24 Hours Without My iPad (aka: Willpower)

We are all addicted to something. Eating junk food. That morning cup of coffee. Shopping. Exercise (I know, right? How can I catch some of that addiction?). Some addictions are clearly bad for us (drugs, alcohol), and some are completely ridiculous (collecting ceramic gnomes, sex, collecting blog followers who never even bother to read a single blog post, etc.).

I only have one addiction. Okay, maybe two, if you count black licorice Jelly Bellies. You see, I am hopelessly, utterly, irrevocably addicted to my iPad. Yes, I am sadly aware of how much I sound like a character from a cheesy vampire novel. But it is true. My iPad is my addiction. My vice. My precious. I carry it with me wherever I go. I rarely allow my kids to even breathe on its screen. And yes, I will admit it – my iPad even sleeps on its own pillow beside me while charging at night (well, otherwise that huge King-size bed is just going to waste, right?). iPrecious

But a few days ago, I had a life-shattering and horrifying experience. I was forced to go 24 hours without my electronic security blanket. 24 hours! That’s an ENTIRE DAY, peeps. 24 hours of not staring at the world through my own little window. 24 hours of not constantly sliding it open to “check stuff” and browse the web and listen to streaming music on Pandora.

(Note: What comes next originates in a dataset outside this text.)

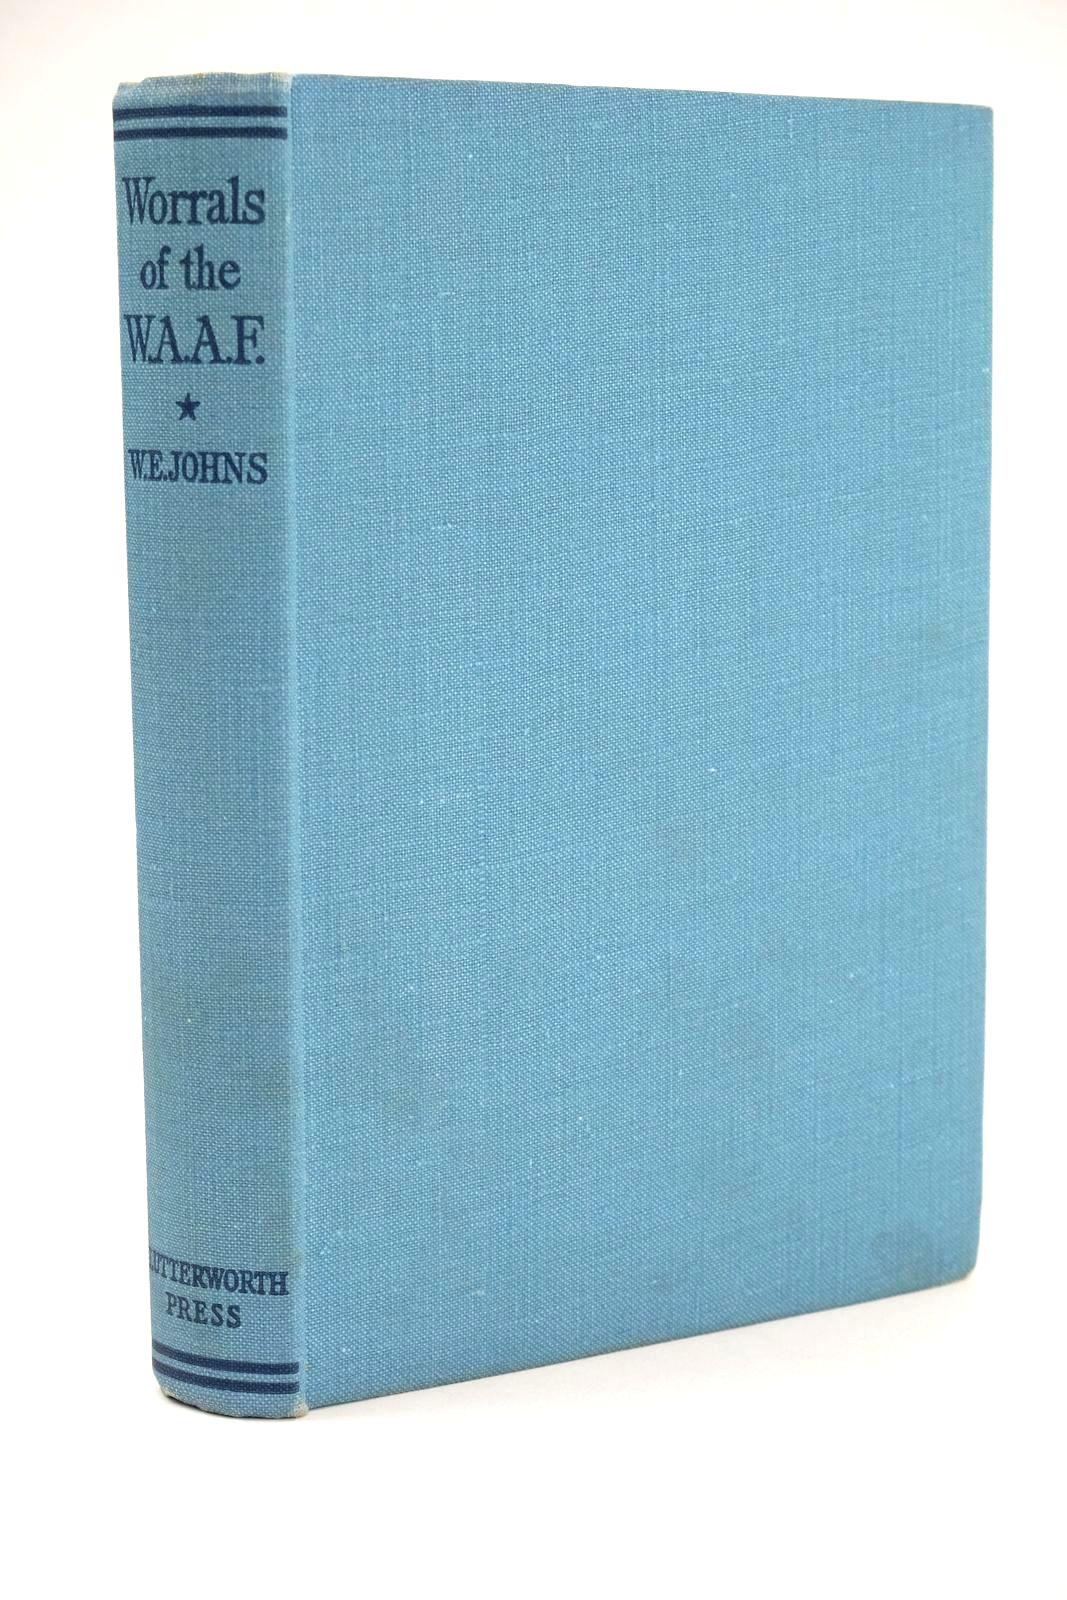 Photo of WORRALS OF THE W.A.A.F. written by Johns, W.E. published by Lutterworth Press (STOCK CODE: 1324494)  for sale by Stella & Rose's Books

“You’ll just have to exercise willpower,” said my friend, who was holding my life support machine hostage until the next afternoon. (Okay, not really. The truth is that I totally left my baby in his car on the other side of town).

Willpower. Okay, I thought. I can do that. I excel at willpower. Willpower is my thing. Cue music: I Will Survive by Glora Gaynor.

Steve Jobs my superhero

Steve Jobs: aka my superhero and the birth father of my electronic “baby”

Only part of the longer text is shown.